Pair takes plunge at wedding chapel in Las Vegas Denny’s
LAS VEGAS » An Iowa couple has become the first to get married at the Denny’s wedding chapel in Las Vegas.
Nancy Levandowski and Steve Keller tied the knot Wednesday evening, while some well-wishers sat in booths and restaurant patrons ate dinner nearby.
The 53-year-old bride is the food service director at Iowa State University in Ames, while her 54-year-old husband is a salesman for a food company.
Nancy Levandowski says she often ate at Denny’s restaurants during college, while Keller says he frequents the 24-hour pancake house while traveling.
The couple was selected from a pool of applicants vying to be the first married at the chapel inside the new restaurant.

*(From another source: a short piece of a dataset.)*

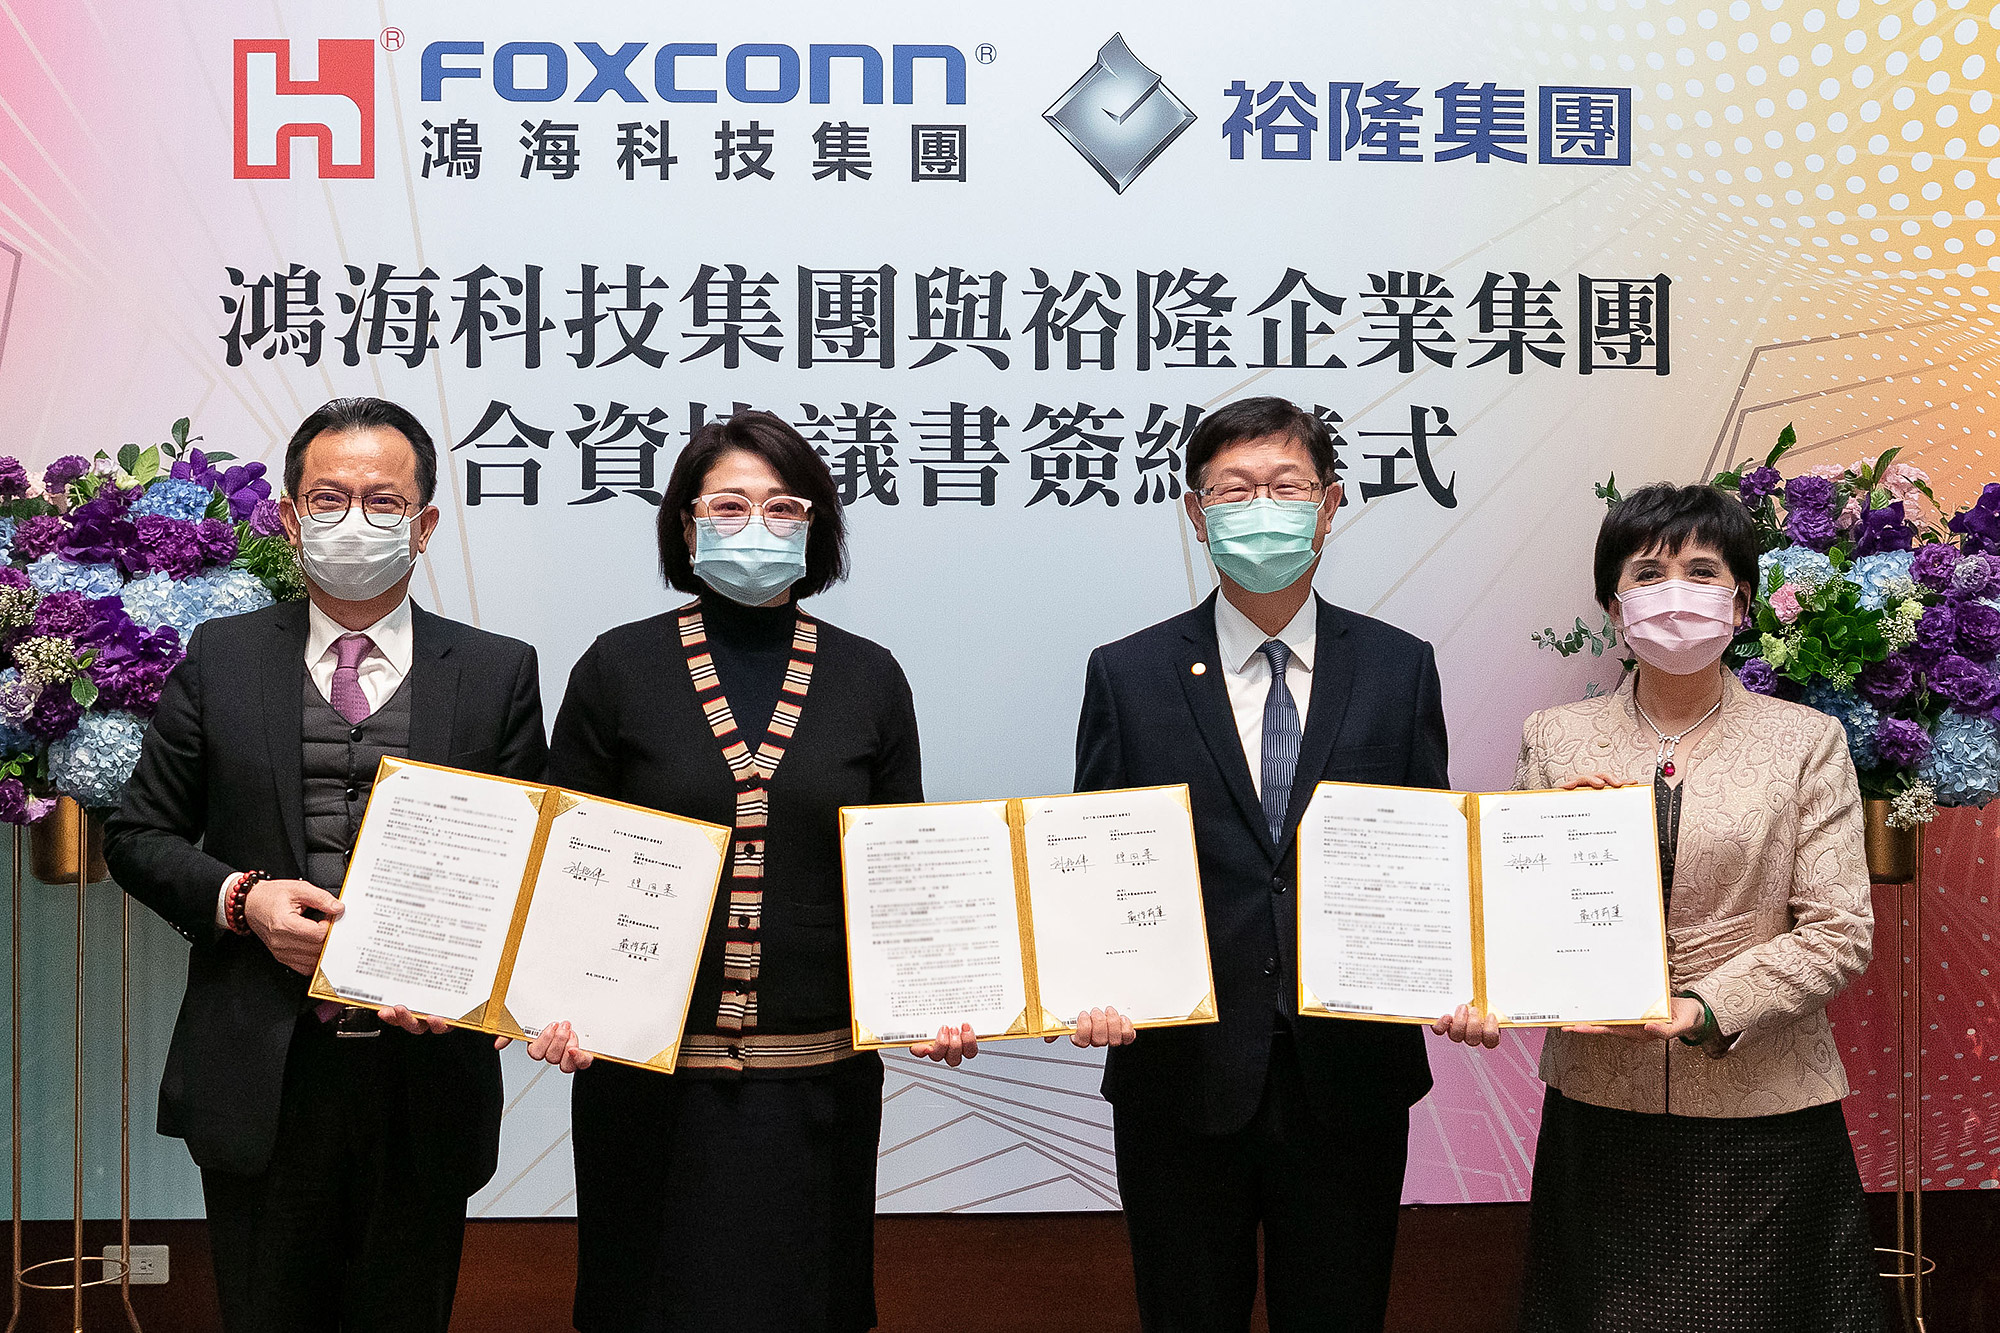 鴻海科技集團與裕隆集團於 3 月份正式簽署合資協議。 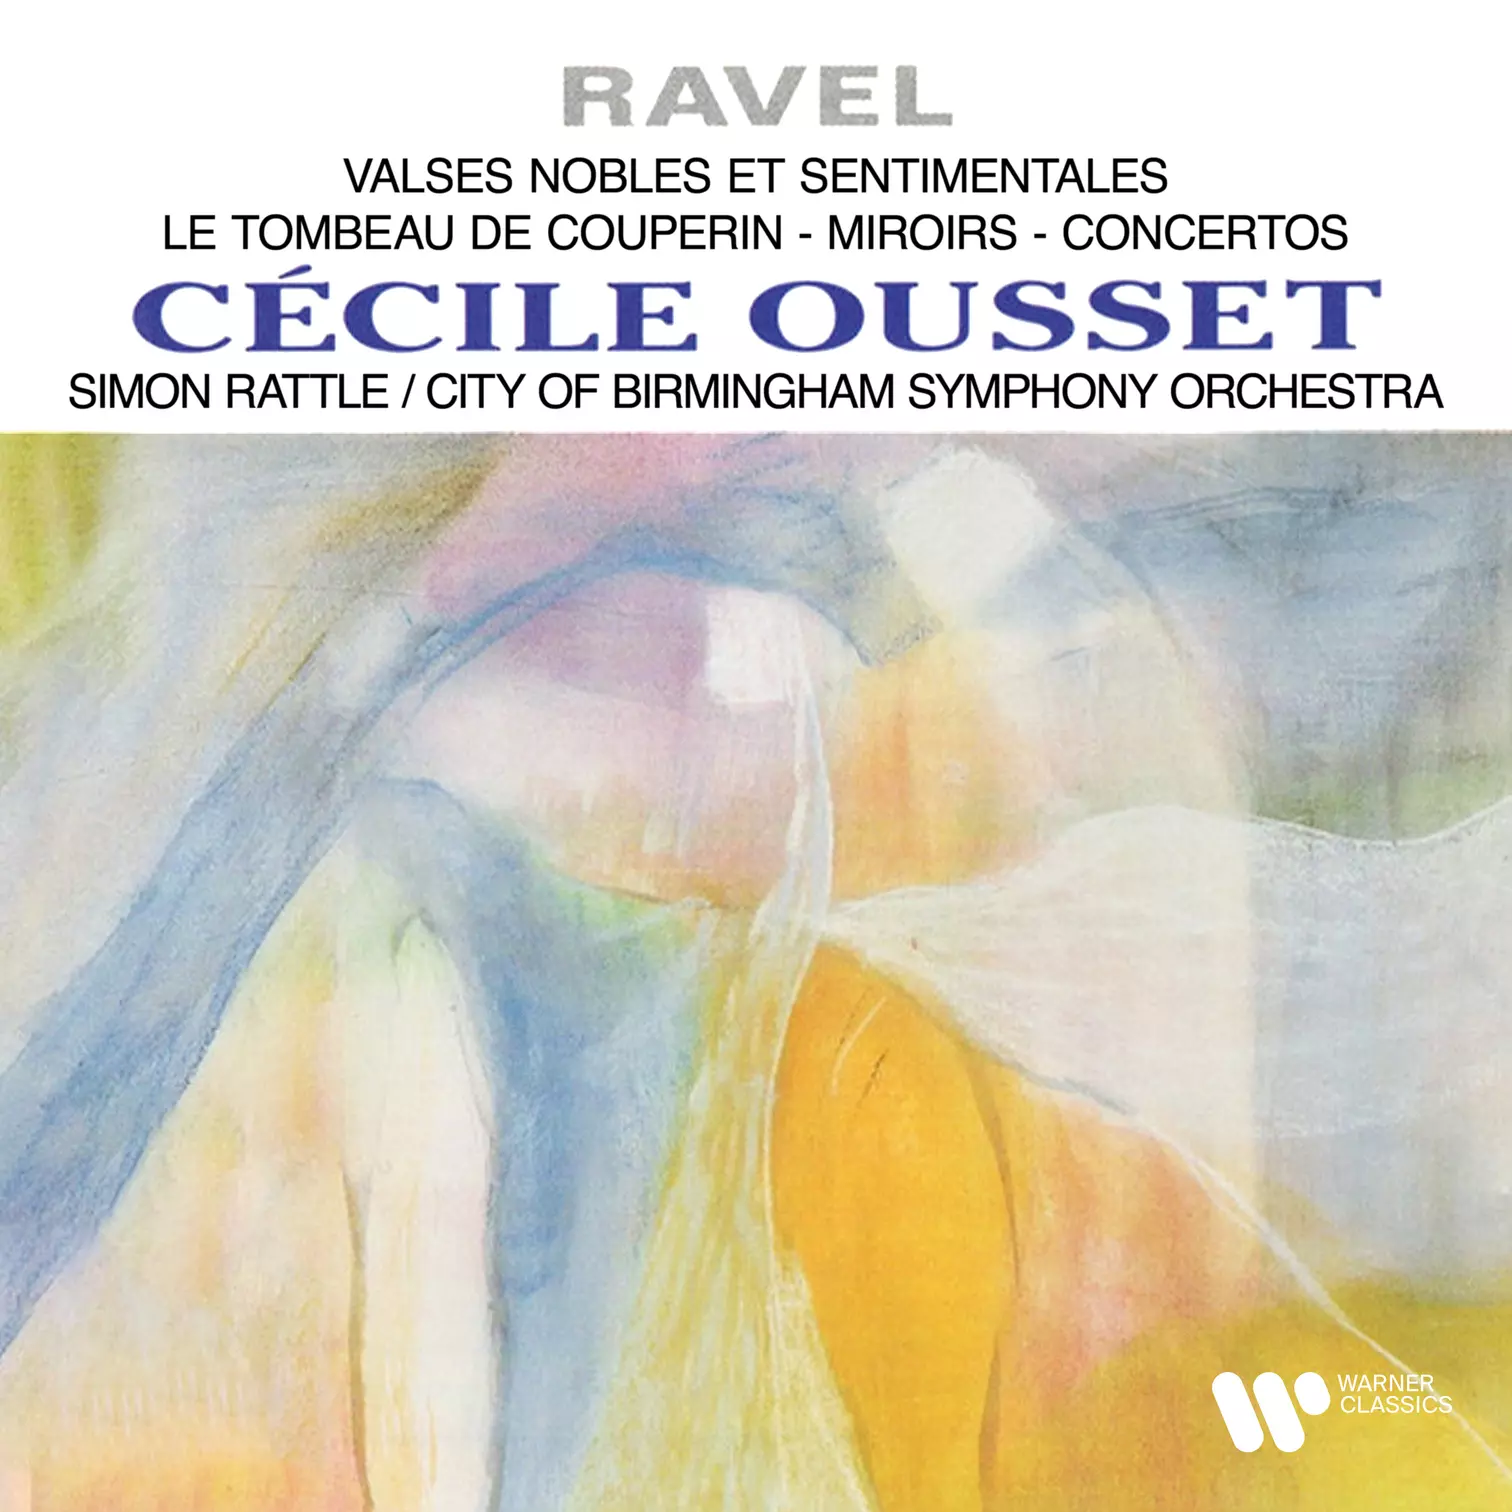 Ravel: Valses nobles et sentimentales, Le tombeau de Couperin, Miroirs & Concertos

Ceremonies at the chapel start at $95, which includes Denny’s T-shirts and a Pancake Puppies wedding cake.
WWII museum reaches milestone
NEW ORLEANS »The National World War II Museum set a monthly attendance record in March.
Officials say the museum attracted 54,198 people, a 23 percent increase over the previous high of 44,800 visitors in March 2012.
The latest milestone comes just months after the grand opening of the U.S. Freedom Pavilion: The Boeing Center, which features new exhibits and artifacts, including a restored B-17E Flying Fortress and B-25J Mitchell.
The museum opened in 2000. Work has begun on another new pavilion, Campaigns of Courage: European and Pacific Theaters, which is scheduled to open in the spring of 2014.
Project will let stone lantern shine
WASHINGTON » A 360-year-old Japanese stone lantern that is lit each year at the National Cherry Blossom Festival to commemorate the relationship between the United States and Japan will soon have a more prominent place on the National Mall.
A nonprofit group working to improve the mall is holding a ceremonial groundbreaking today for a new granite plaza and walking paths to display the historic lantern. The lantern sits among some of the original flowering cherry trees that were a gift from Japan 101 years ago.
Construction of the new $400,000 plaza with the lantern as a centerpiece will begin after the cherry blossom festival concludes, officials said.
The plaza surface will evoke the "raked" sand surface of a traditional Zen garden, along with natural stone boulders, according to plans from the National Park Service. The project also will include walking paths to reach the plaza and help protect the nearby cherry trees from soil erosion and compaction that can damage roots.
About 1 million people visit the cherry blossoms each year.